Adult human RPE cells (ARPE-19) were obtained from the American Type Culture Collection (Manassas, VA). This cell line is not transformed and has structural and functional properties characteristic of RPE cells in vivo. The RPE cells were cultured in DMEM/F12 medium (1:1; Sigma-Aldrich, St. Louis, MO) containing 10% fetal bovine serum (Invitrogen, Inc., Grand Island, NY), 100 U/mL penicillin G potassium, and 0.1 mg/mL streptomycin sulfate (Sigma-Aldrich). The cells were cultured at 37°C in humidified 5% CO₂ conditions and were split when approximately 90% confluent. The cells propagated rapidly and were used for experiments at passages 3 to 5. 
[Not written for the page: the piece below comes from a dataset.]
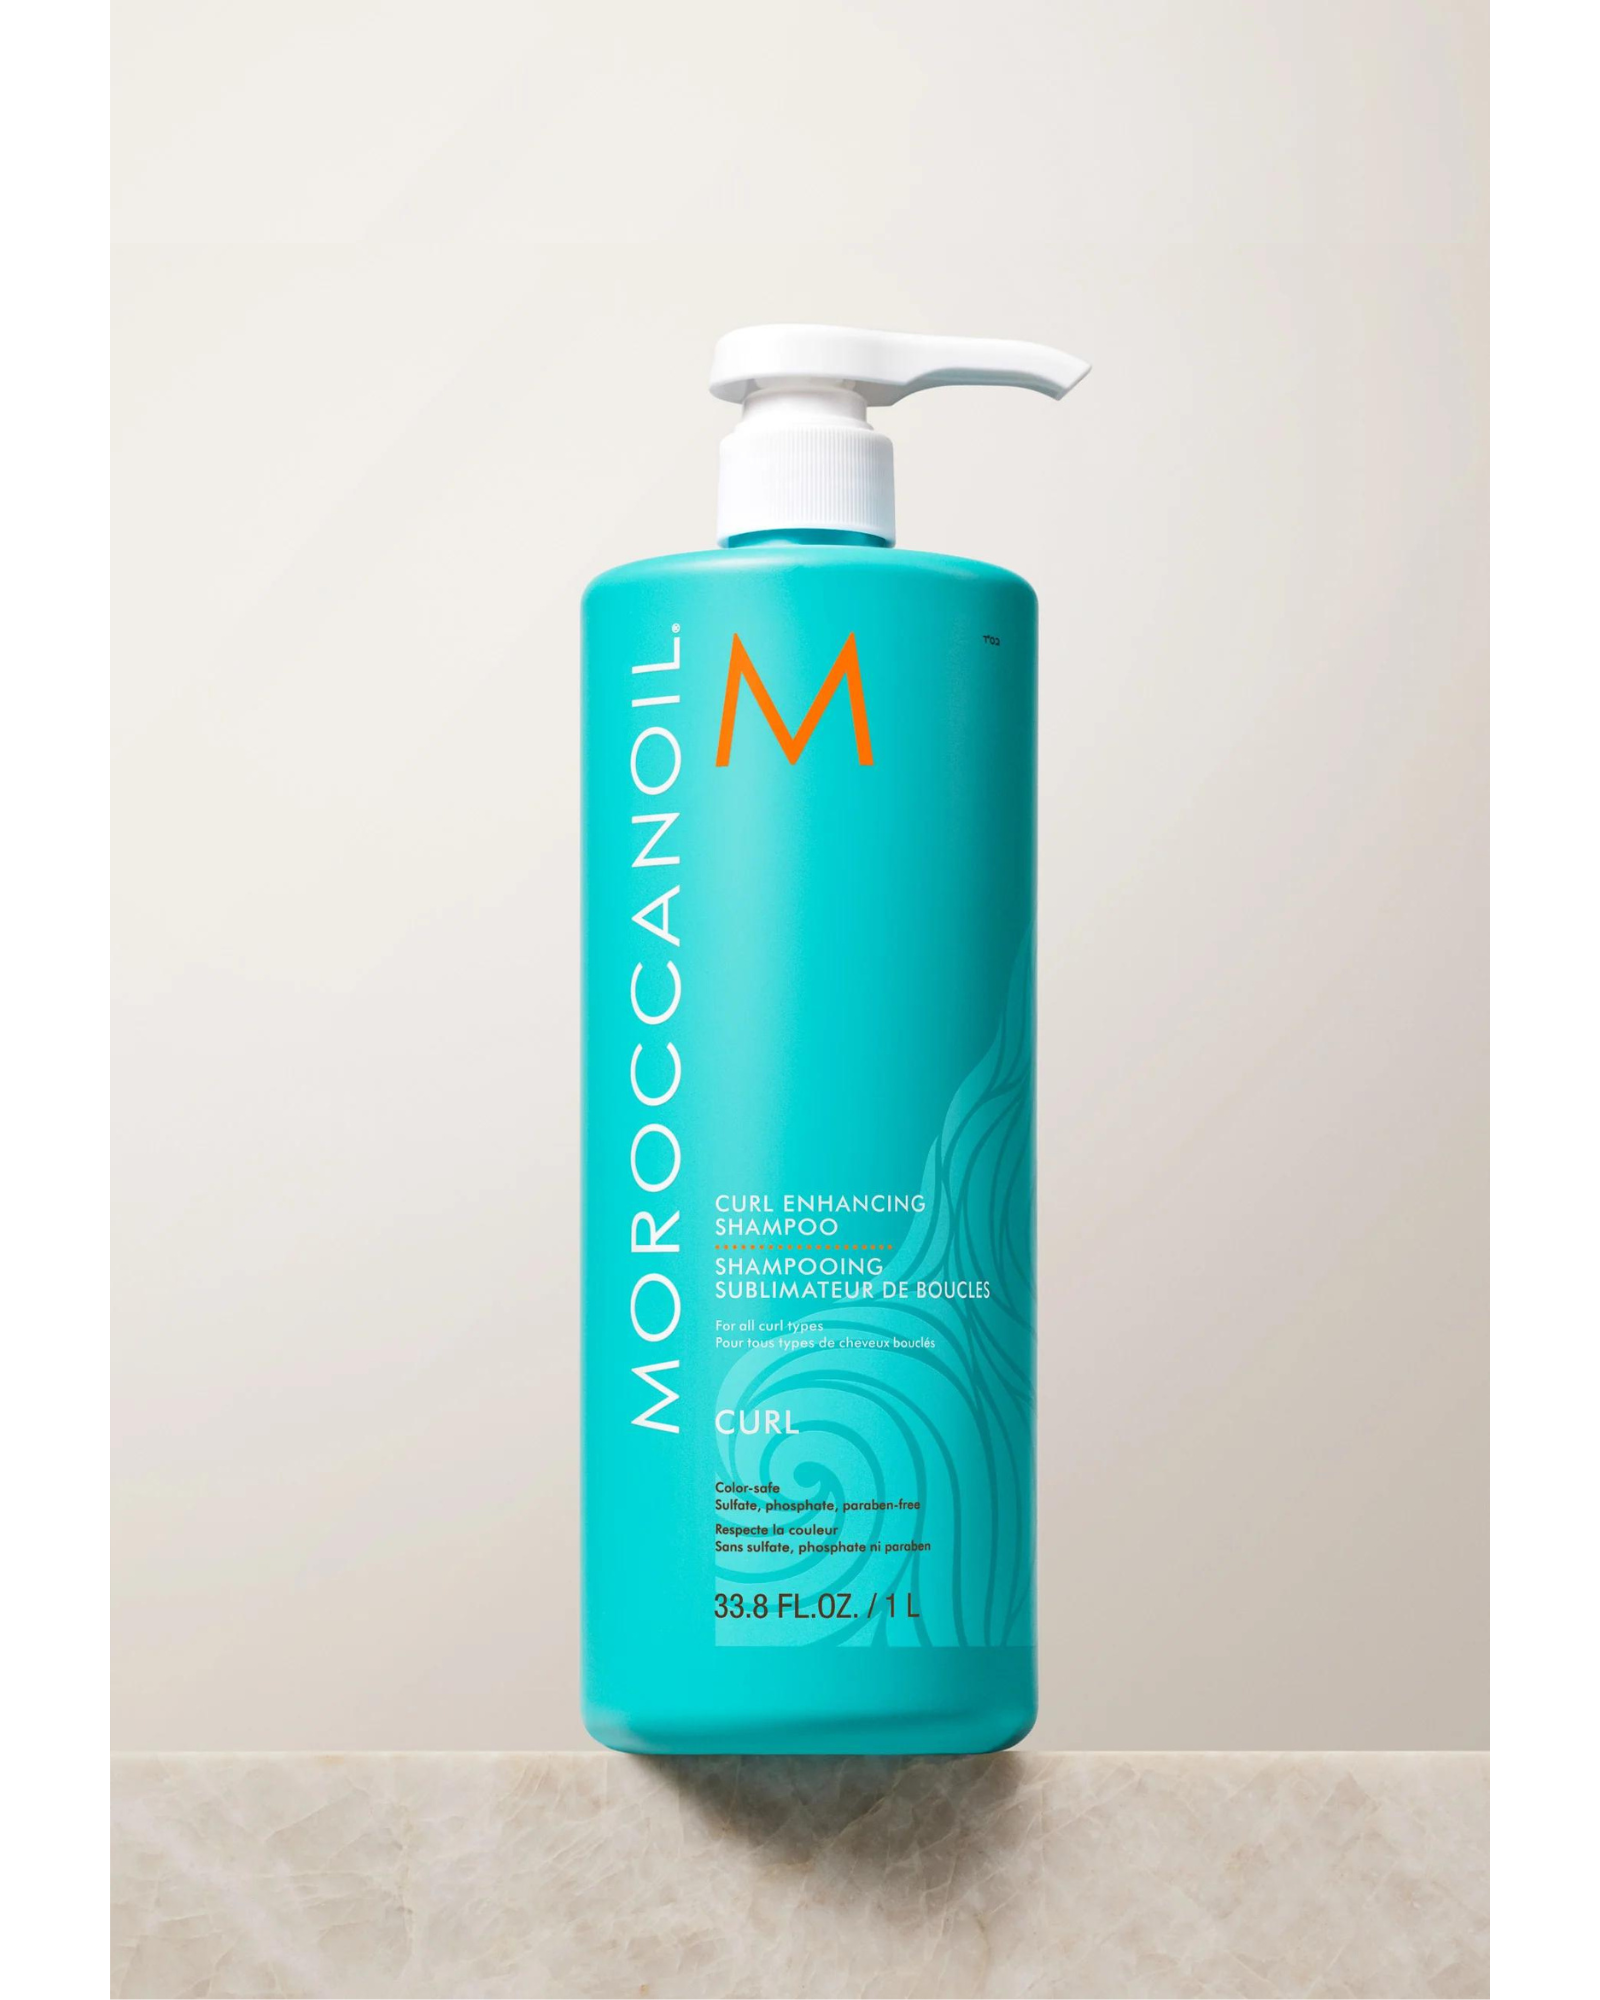 Gentle shampoo for curls (MoroccanOil Curl Enhancing Shampoo)

The development of Ccl2 ^{− / −}/Cx3cr1 ^{− / −} (DKO) mice has been described previously. ^{30 31} These DKO mice were characterized by a broad spectrum of AMD-like disease with early onset and high penetrance. Fundoscopy revealed deep retinal focal drusenlike lesions, histology demonstrated RPE and photoreceptor degeneration, and biochemistry revealed increased A2E accumulation and altered mRNA and protein levels of endoplasmic reticulum proteins. ^{30 31} Wild-type (WT) mice were of C57BL/6 background. 

HtrA2/Omi ^{− / −} mice, which developed Parkinson disease, were generated by using standard embryonic stem cell culture and gene-targeting techniques as previously. ³²  

To induce oxidative stress in this study, we made fresh 1 mM hydrogen peroxide (H₂O₂)–conditioned medium by dissolving 30% H₂O₂ (Fisher Scientific, Fair Lawn, NJ) in growth medium just before use. The HtrA2/Omi inhibitor, 5-[5-(2-nitrophenyl) furfuryliodine]-1,3-diphenyl-2-thiobarbituric acid (UCF-101) (Calbiochem, Darmstadt, Germany), was dissolved in DMSO (Mediatech, Inc., Herndon, VA) as a stock solution (20 mM) and used at a final concentration of 1 and 2 μM in growth medium. The vehicle group was treated with the DMSO solution dissolved in growth medium at the same ultimate concentrations. Before stimulation with H₂O₂/UCF-101, the cells were serum starved for 24 hours. All analyses were performed 2 hours after 1 mM H₂O₂ exposure. 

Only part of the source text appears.